Aufnahme von Georg Fayer (1927)

Leben und Werk

Anthony van Hoboken entstammte einer traditionsreichen, alteingesessenen und wohlhabenden Rotterdamer Kaufmanns-, Bankiers- und Reederfamilie. Sein ererbter Reichtum machte ihn zeitlebens finanziell unabhängig und ermöglichte ihm, ganz seinen Neigungen zu leben. Nach Abschluss der Schule studierte er von 1906 bis 1909 an der Technischen Hochschule in Delft. Sein eigentliches Interesse galt jedoch der Musik. Neben dem Ingenieurstudium erhielt er Unterricht in Klavierspiel und Komposition bei Anton B. H. Verhey.

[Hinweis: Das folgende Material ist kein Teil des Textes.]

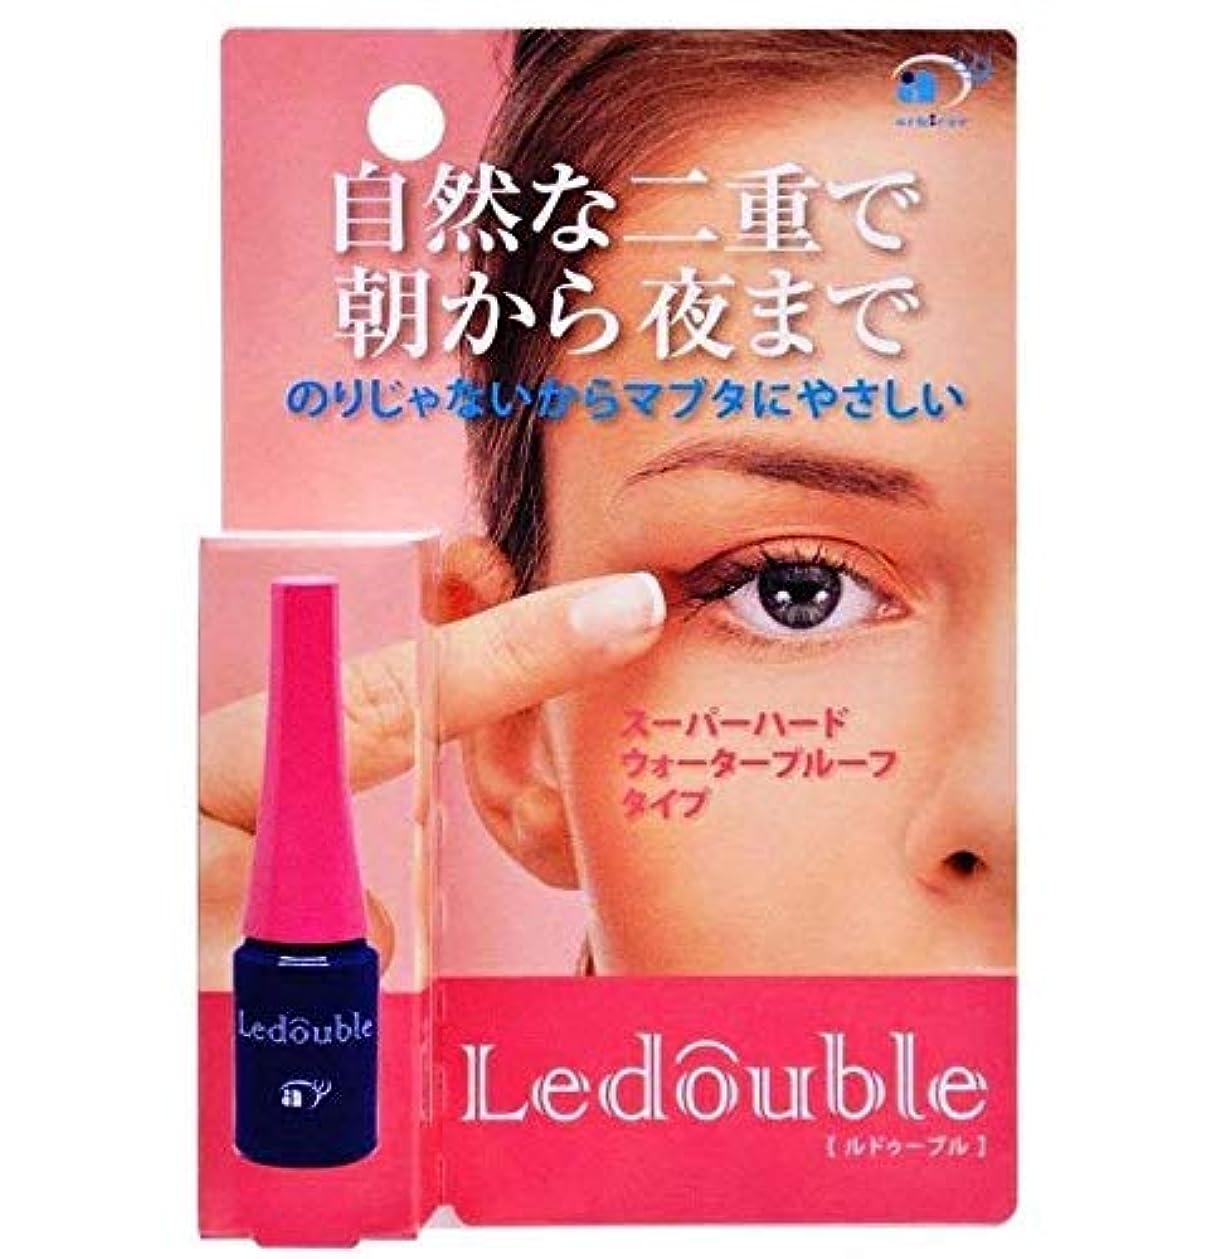 提案鋼敬の念ルドゥーブル 2mL 二重まぶた 化粧品
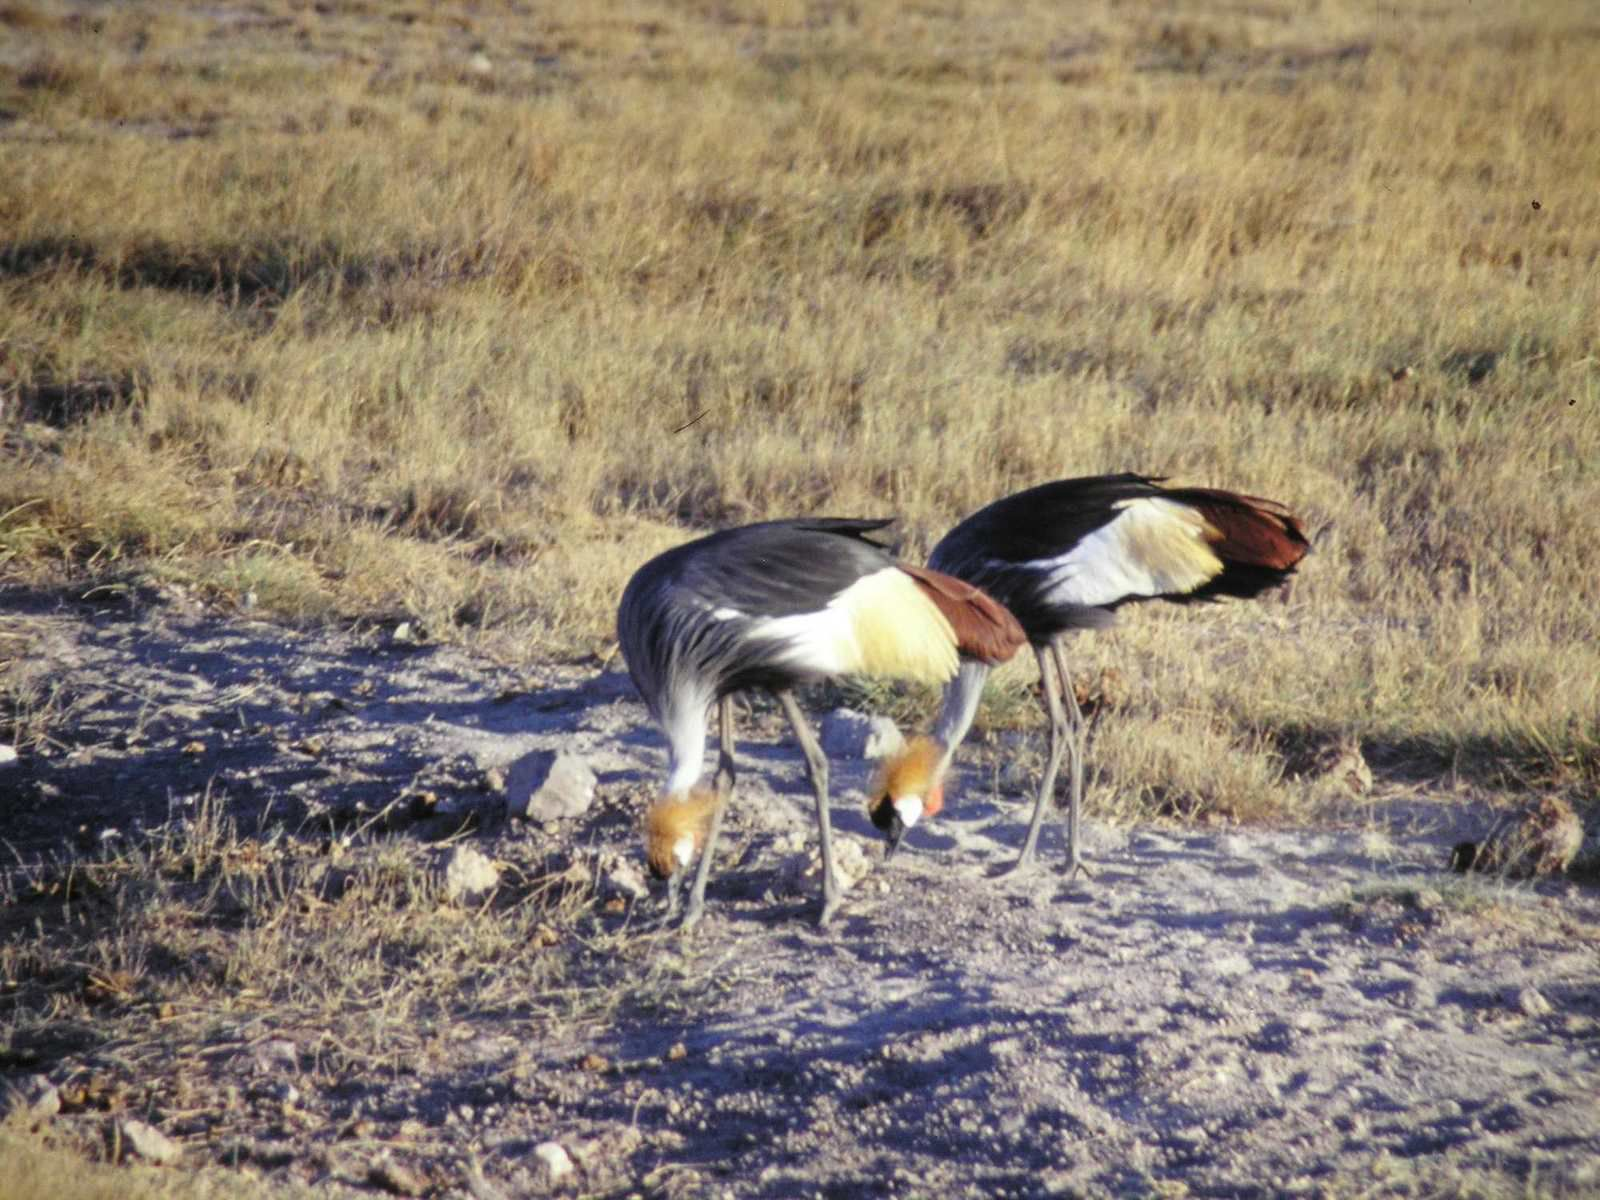 Kénia-Lac Bogoria

1909 wechselte er an Dr. Hoch’s Konservatorium in Frankfurt am Main, wo er Harmonielehre bei Bernhard Sekles und Komposition bei Iwan Knorr studierte. Ab 1917 lebte er in München, wo er sich in der Nymphenburger Walhallastraße 1 eine Villa erbauen ließ, die er 1919 bezog. Er bewegte sich in Kreisen der Schwabinger Bohème, war mit Marietta di Monaco liiert[1] und scharte Künstler wie die Maler Georg Schrimpf, Heinrich Maria Davringhausen, Rudolf Levy und den Schriftsteller Oskar Maria Graf um sich.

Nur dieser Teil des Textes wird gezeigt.